¹Doctoral Study Program Faculty of Medicine, Universitas Padjadjaran, Bandung, West Java, Indonesia; ²Department of Biochemistry, Faculty of Medicine, Universitas Jenderal Achmad Yani, Cimahi, West Java, Indonesia; ³Cardiometabolic Working Group Study, Faculty of Medicine, Universitas Padjadjaran, Bandung, West Java, Indonesia; ⁴Department of Biomedical Sciences, Faculty of Medicine, Universitas Padjadjaran, Bandung, West Java, Indonesia; ⁵Department of Community Medicine, Faculty of Medicine, Universitas Jenderal Achmad Yani, Cimahi, West Java, Indonesia; ⁶Department of Public Health, Faculty of Medicine, Universitas Padjadjaran, Bandung, West Java, Indonesia; ⁷Department of Cardiology and Vascular Medicine, Faculty of Medicine, Universitas Padjadjaran-Hasan Sadikin General Hospital, Bandung, West Java, Indonesia

Correspondence: Gaga Irawan Nugraha, Department of Biomedical Sciences, Faculty of Medicine, Universitas Padjadjaran, Eycmann 38, Bandung, West Java, 40161, Indonesia, Tel/Fax +6222 2032170, Email [email protected]

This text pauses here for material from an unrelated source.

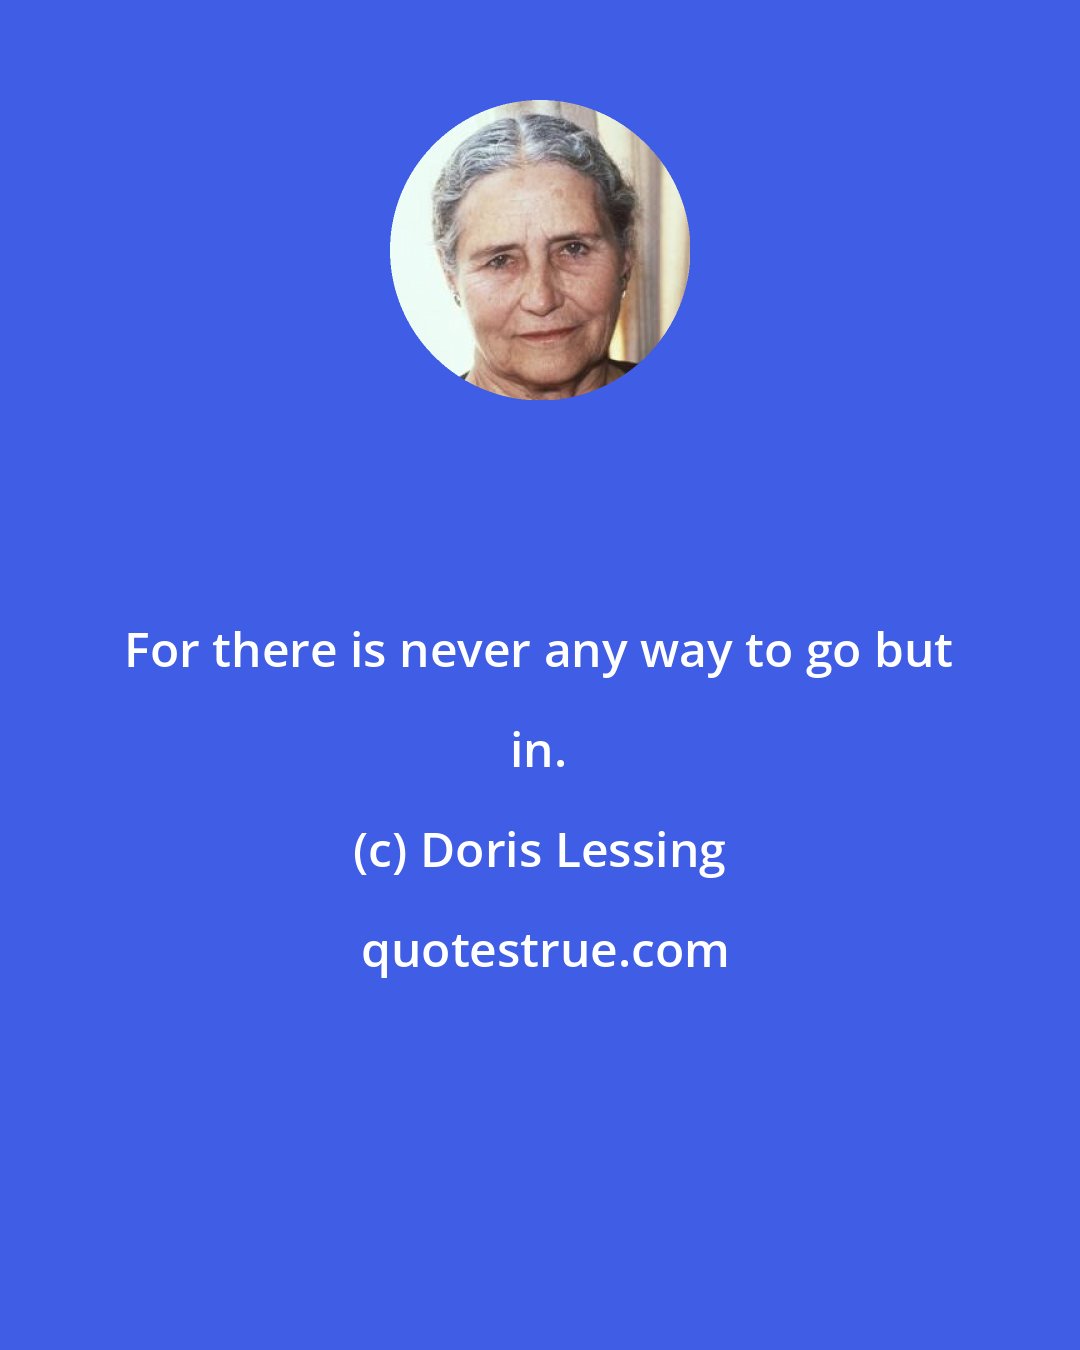 Doris Lessing: For there is never any way to go but in.

Background: Metabolic syndrome (MetS) is a risk factor for cardiovascular disease and is linked to obesity. Subjects with MetS who have normo-weight potentially show higher mortality and morbidity.
Purpose: This study aims to reveal the critical essential metabolic parameters associated with endothelial dysfunction in MetS subjects with normo-weight compared to obese.
Patients and Methods: The study was designed using a case–control approach. Ninety-nine MetS subjects (34 Normo-weight and 65 obese) from the urban population were enrolled in this study. The components of MetS are based on NCEP/ATP III criteria. Asymmetric dimethylarginine (ADMA) and vascular cell adhesion molecule 1 (VCAM-1) as markers for endothelial dysfunction were measured in both groups.
Results: Fasting blood glucose (FBG) levels were higher in the normo-weight group (143.38 ± 79.8 mg/dL) compared to the obese group (120.89 ± 46.5 mg/dL). High-density lipoprotein cholesterol (HDL-c) levels in the normo-weight group were lower (42.82 ± 10.1 mg/dL) compared to obesity (45.74 ± 9.3 mg/dL), while triacylglycerol (TAG) levels were higher in the obese (197.25 ± 110.5 mg/dL) compared to the normo-weight group (167.03 ± 98.4 mg/dL), although the differences were statistically not significant (all p > 0.05). The difference between ADMA and VCAM-1 levels was statistically not significant in both groups. Correlation between MetS components with endothelial dysfunction parameters shows that metabolic parameters correlate strongly. Interestingly, a stronger correlation between FBG and ADMA was observed in normo-weight (r = 0.519) compared to obese groups (r = 0.445). In addition, TAG consistently shows a significant correlation with ADMA and VCAM-1 in normo-weight groups.
Conclusion: Metabolic parameters, especially FBG and TAG, correlate strongly with endothelial dysfunction parameters in normo-weight subjects with metabolic syndrome.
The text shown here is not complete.